My father was a Surface Human, and every day he joined an army of workers who trooped up to the surface to maintain the perfect idyll that was Cambria. Some were gardeners, some pruned trees, some tended and fed the wild animals. There were vast vineyards covering Cambria, and some workers had the vital task of picking these grapes and treading them in the old-fashioned way with their feet to turn the grape juice into wine. Other humans tended the olive trees, the apple and orange trees, the potato fields. Some grew marrows and courgettes. Some created exotic hybrid fruit and vegetables.
Some, the privileged few, were Chefs, responsible for cooking and preparing by hand magnificent meals for the frequent DR banquets. Some were Waiters, some were Bartenders. But every night, the Surface Humans retired to their underground cavern homes, where they rejoined their families and participated in the human community we called True Cambria.
It wasn’t a bad life, by and large. The underground caverns were a natural formation, caused by extreme volcanic action, and they formed a subterranean subworld that stretched beneath the entire planet. The caverns were often vast, and the rock formations were extraordinary. This was my playground as a child. We played hide and seek, we played football, we swam in underground lakes. Children were never taken to the surface, so we never knew what we were missing. But I often think that given a choice between an underground cave and a field in sunlight – I would have chosen the cave. There was something magical and hidden about the world we lived in.

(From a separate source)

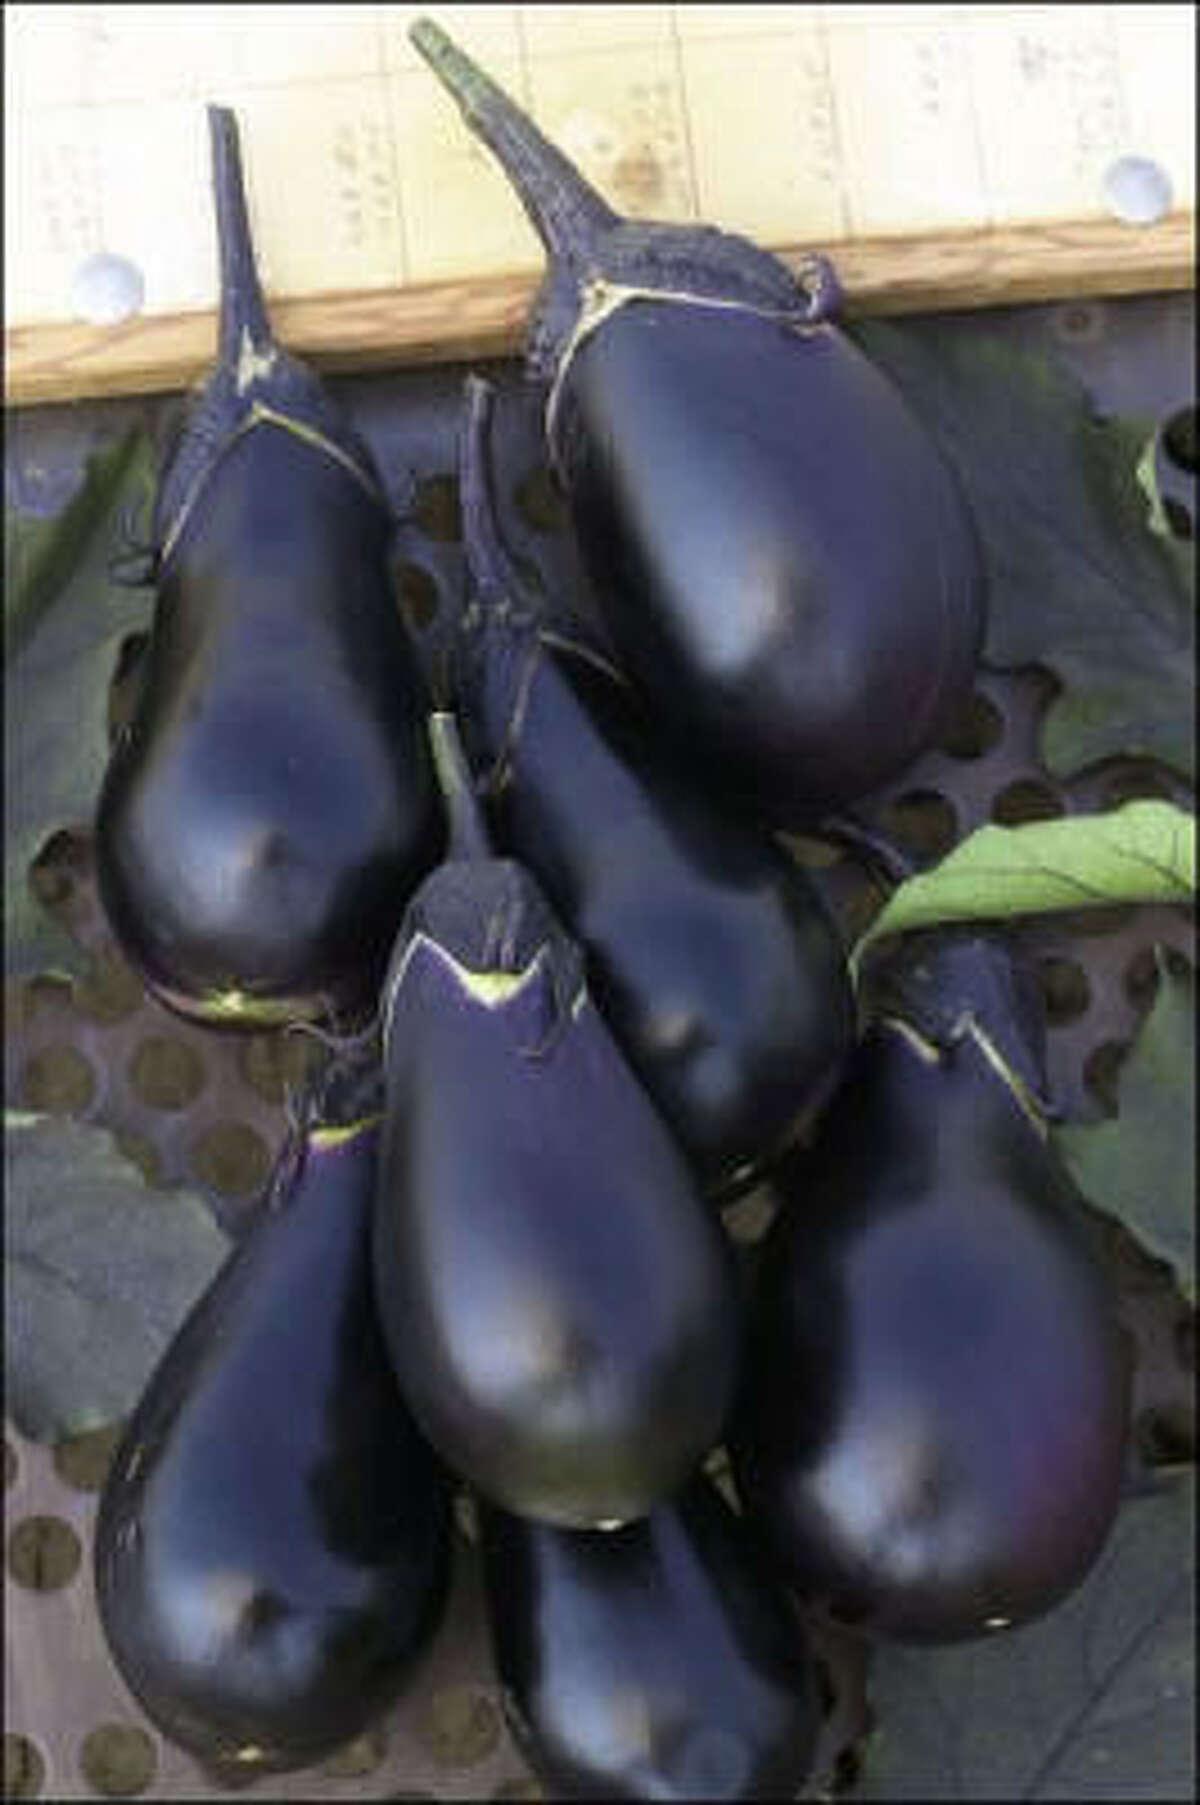 'Black Egg' eggplant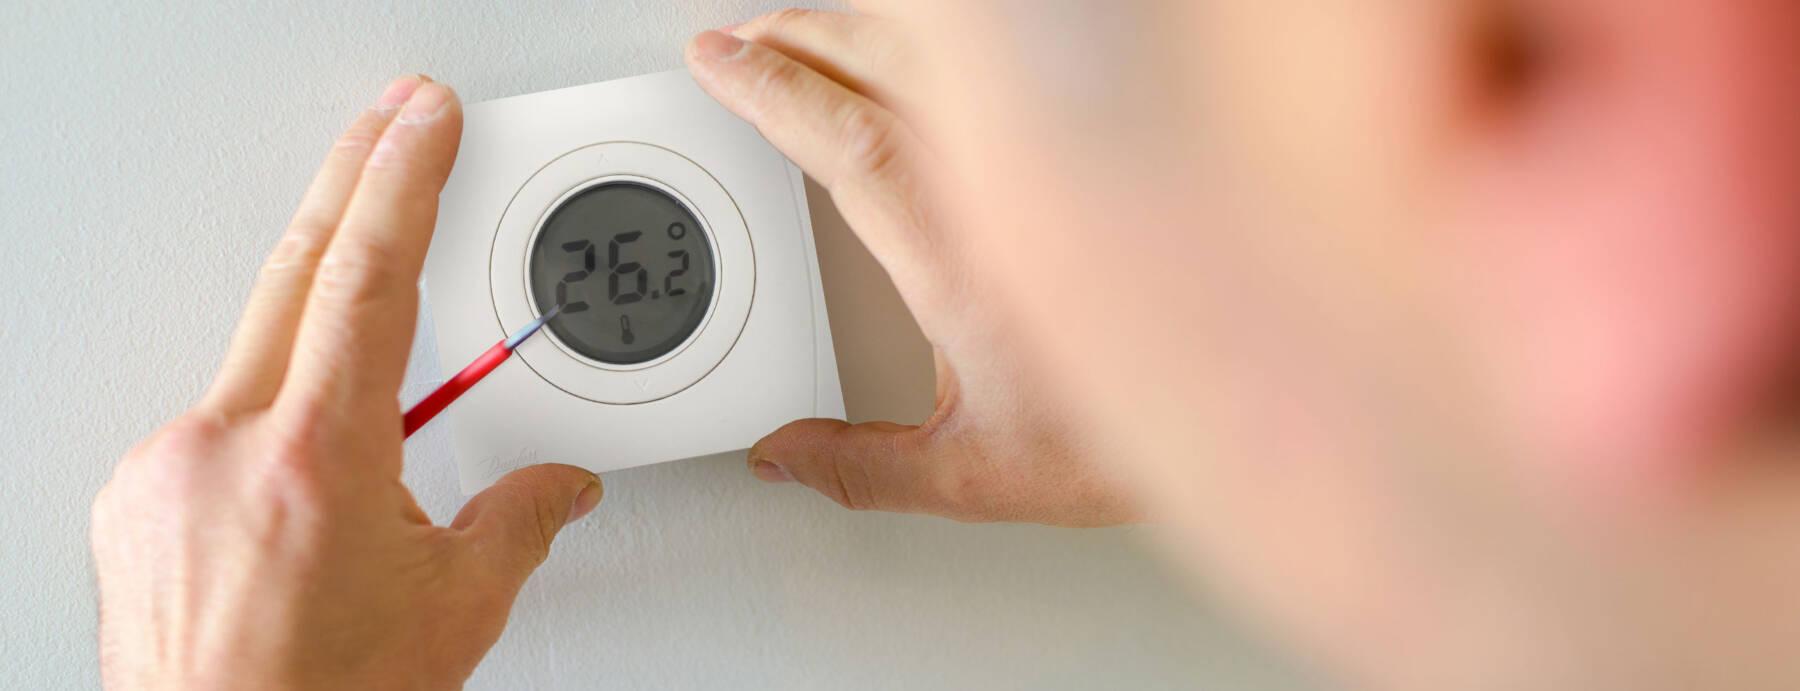 man installing the genius home thermostats SMART hub

And we had creature comforts too. We had food, plenty of water, alcohol when we needed it. We grew our own crops. We tended herds of animals. We wrote novels and poems and performed dramas for each other. But we had no knowledge of science, an entirely warped and blinkered version of our own history, and no concept of the methodology and principles of Quantum Beacon interstellar communication. Some intellectuals argued that, in fact, the community of Humans stretched across large portions of the Home Galaxy; and that humans were the dominant species in space. But we found that hard to believe. DRs were, to us, our gods.
Yet as a child, I never fully understood what a DR really was. Not, that is, until my first Summer Fair.

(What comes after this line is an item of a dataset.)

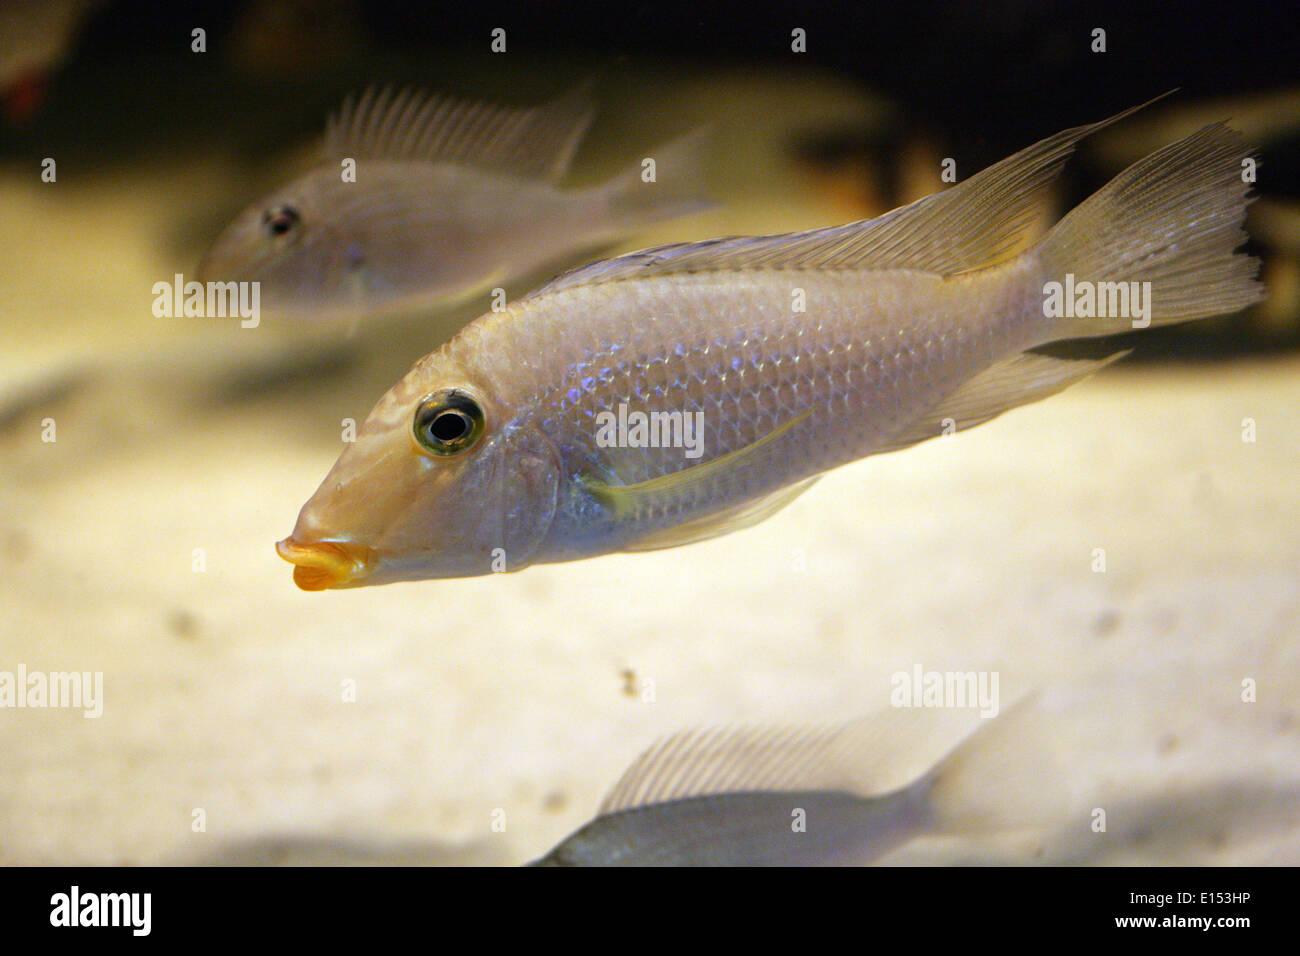 Demon Earth Eater, Satanoperca jurupari, Cichlidae, Perciformes, Actinopterygii, Chordata. Amazon River Basin, South America. - Stock Image

My sister Sheena and I were chosen to go together. She was sixteen, I was seventeen. She was a beautiful child; and I was a fit, handsome, arrogant young man. We felt proud to be selected for the Fair. I knew of course that sex was involved. But I was not a virgin, and neither was Sheena. We were prepared and willing and hungry for new experiences.

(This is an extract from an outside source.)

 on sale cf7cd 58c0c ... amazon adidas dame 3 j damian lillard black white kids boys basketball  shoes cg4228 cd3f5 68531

I still remember the tingle of anticipation as the elevator took us up to the surface. We were given goggles to wear to protect us from the sunlight. But even so, when we took our first steps into the outside world, we were dazzled by the blazing light. Slowly our vision corrected itself, and we began, even through the goggles, to see the colours and richness of the land. The blazing yellow sun, the green fields, the brown bark of the trees, the pink and purple flowers, the blue lakes and streams and rivers.